▸ **AVAILABLE DATA**
----------
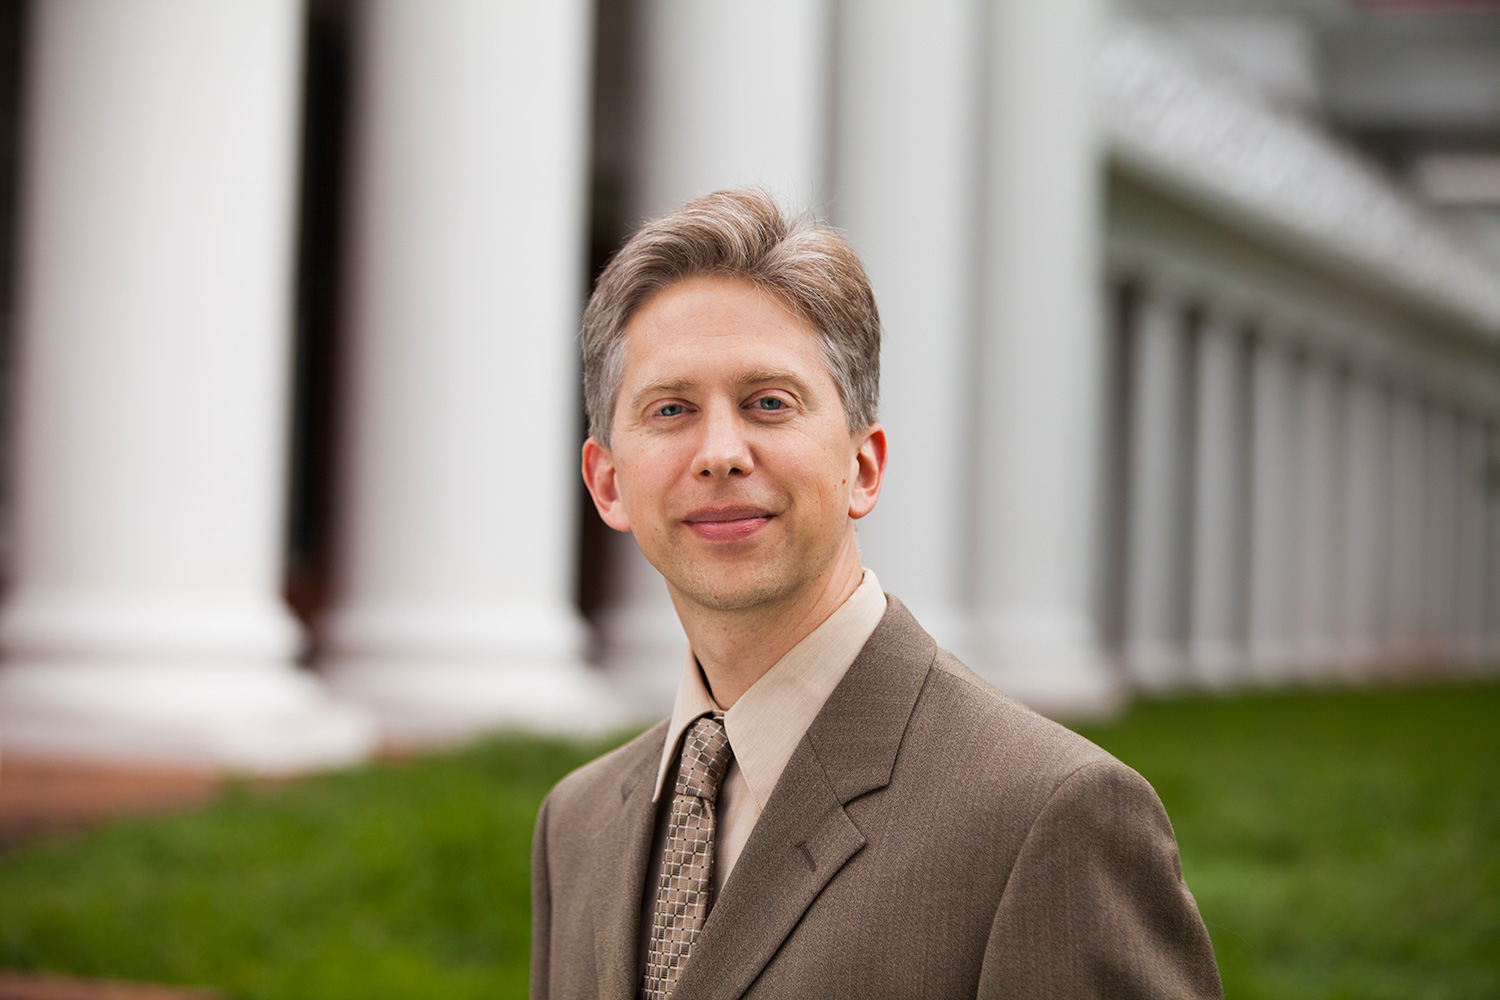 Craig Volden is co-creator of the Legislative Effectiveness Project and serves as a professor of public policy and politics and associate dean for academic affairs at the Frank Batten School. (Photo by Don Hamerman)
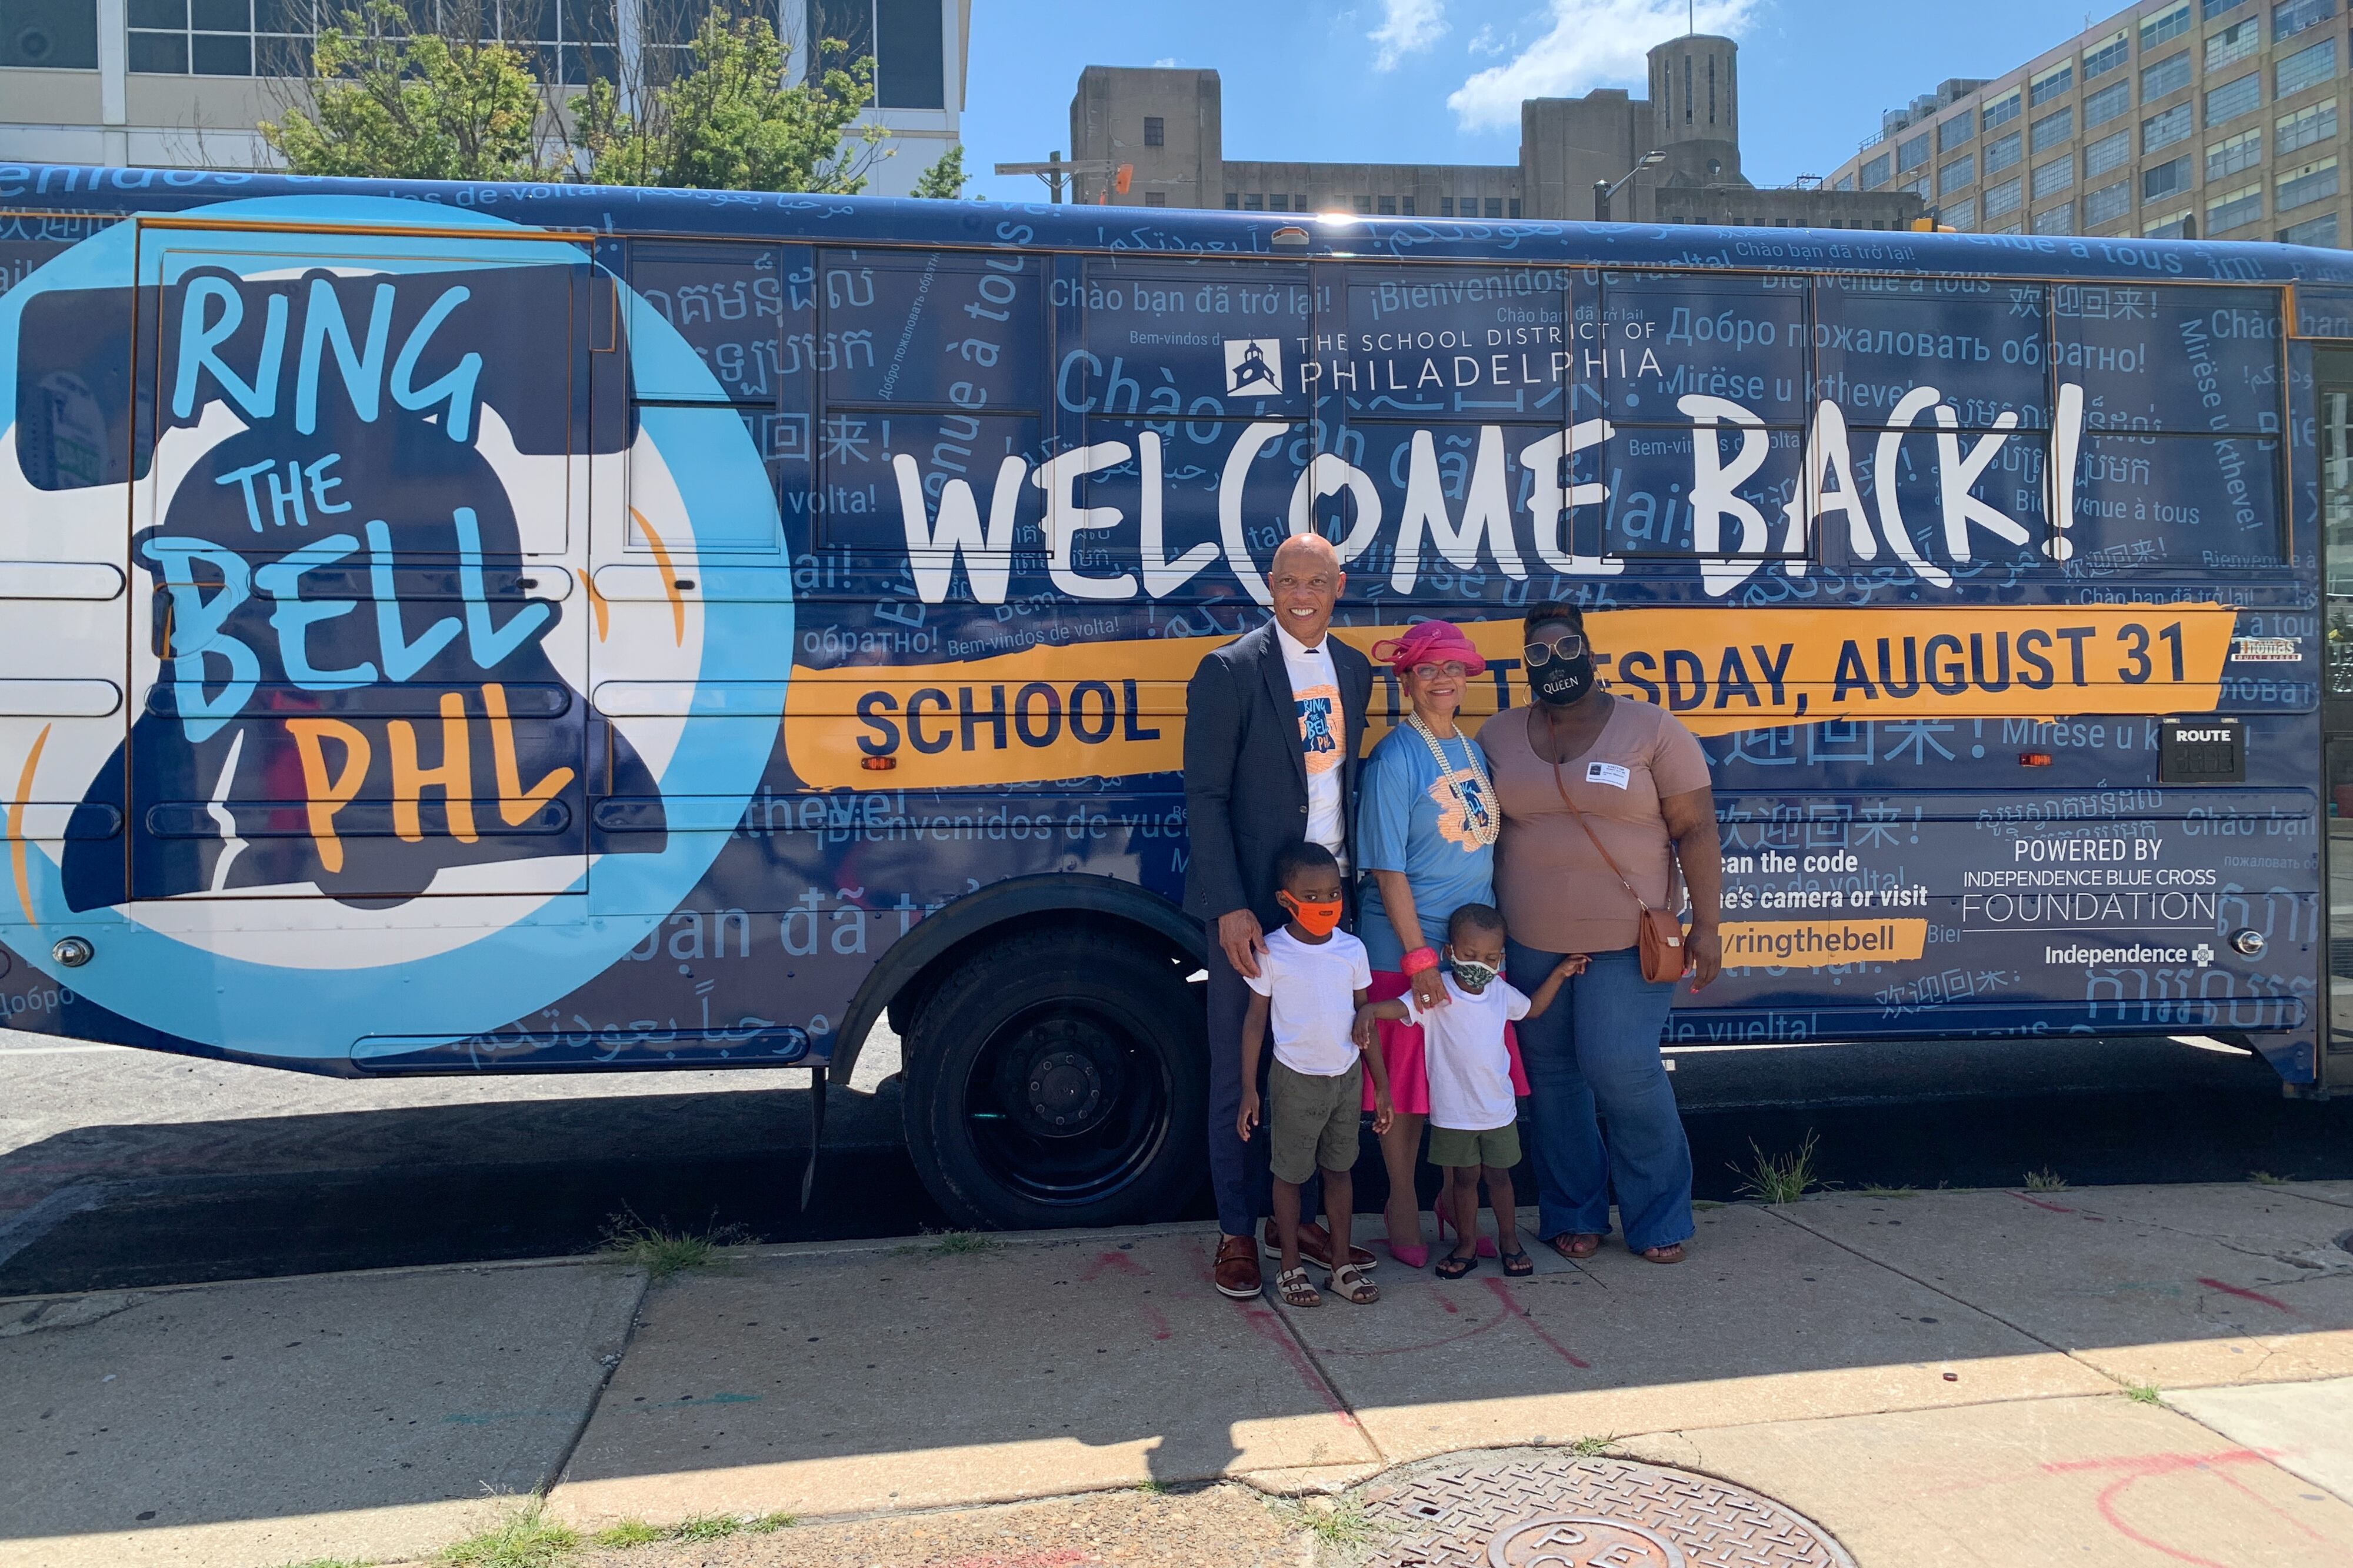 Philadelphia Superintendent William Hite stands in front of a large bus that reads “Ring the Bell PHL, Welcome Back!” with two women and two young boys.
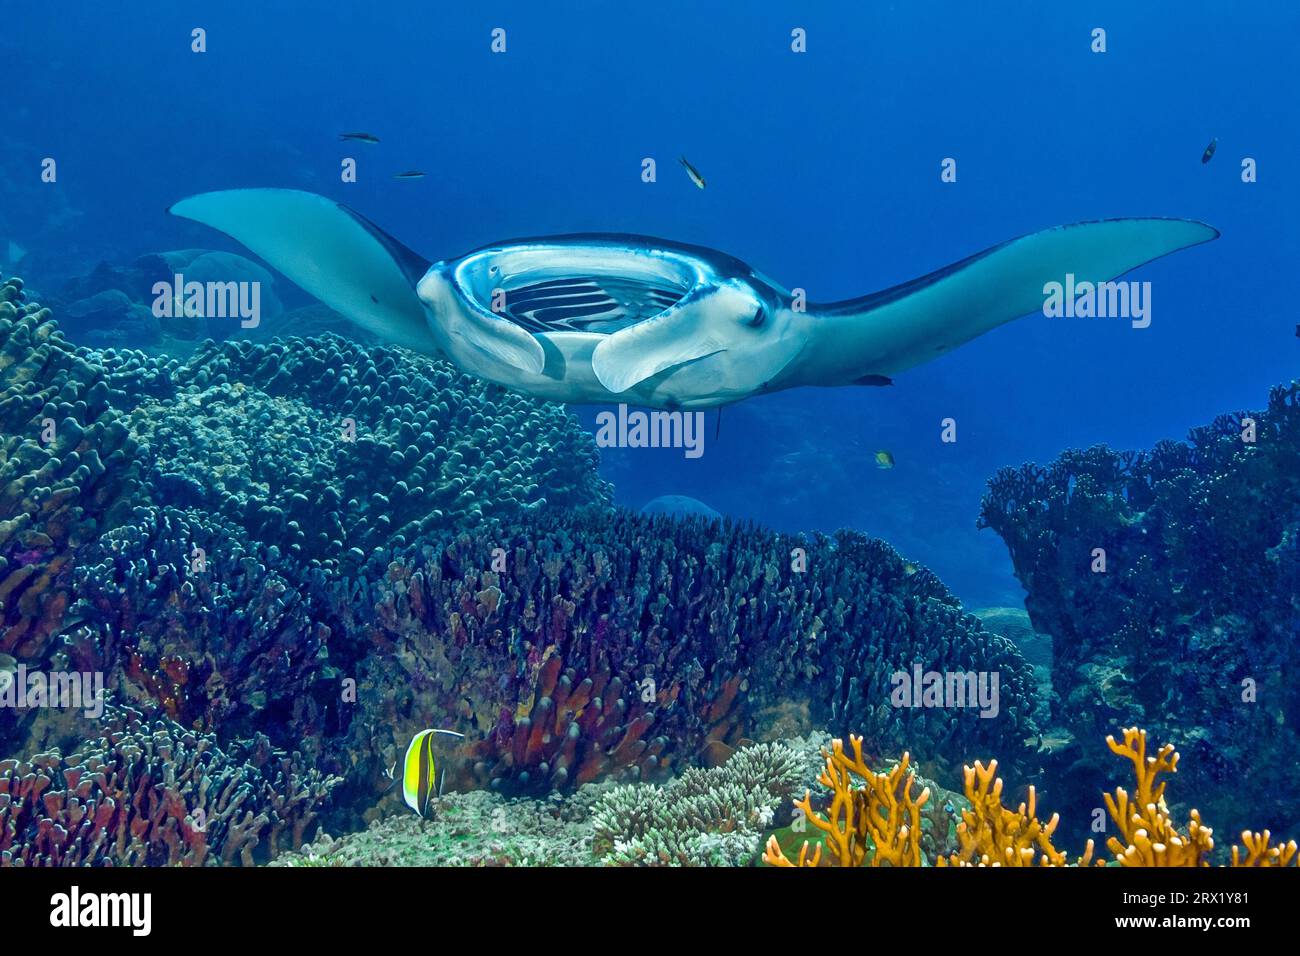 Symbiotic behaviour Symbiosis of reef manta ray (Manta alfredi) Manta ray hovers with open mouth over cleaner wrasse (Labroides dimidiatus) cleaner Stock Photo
----------
▸ **REQUIREMENT**
Please transcribe the material above exactly as written. Leave the pictures out.

▸ **ANSWER AREA**
 Craig Volden is co-creator of the Legislative Effectiveness Project and serves as a professor of public policy and politics and associate dean for academic affairs at the Frank Batten School. (Photo by Don Hamerman)
 Philadelphia Superintendent William Hite stands in front of a large bus that reads “Ring the Bell PHL, Welcome Back!” with two women and two young boys.
 Symbiotic behaviour Symbiosis of reef manta ray (Manta alfredi) Manta ray hovers with open mouth over cleaner wrasse (Labroides dimidiatus) cleaner Stock Photo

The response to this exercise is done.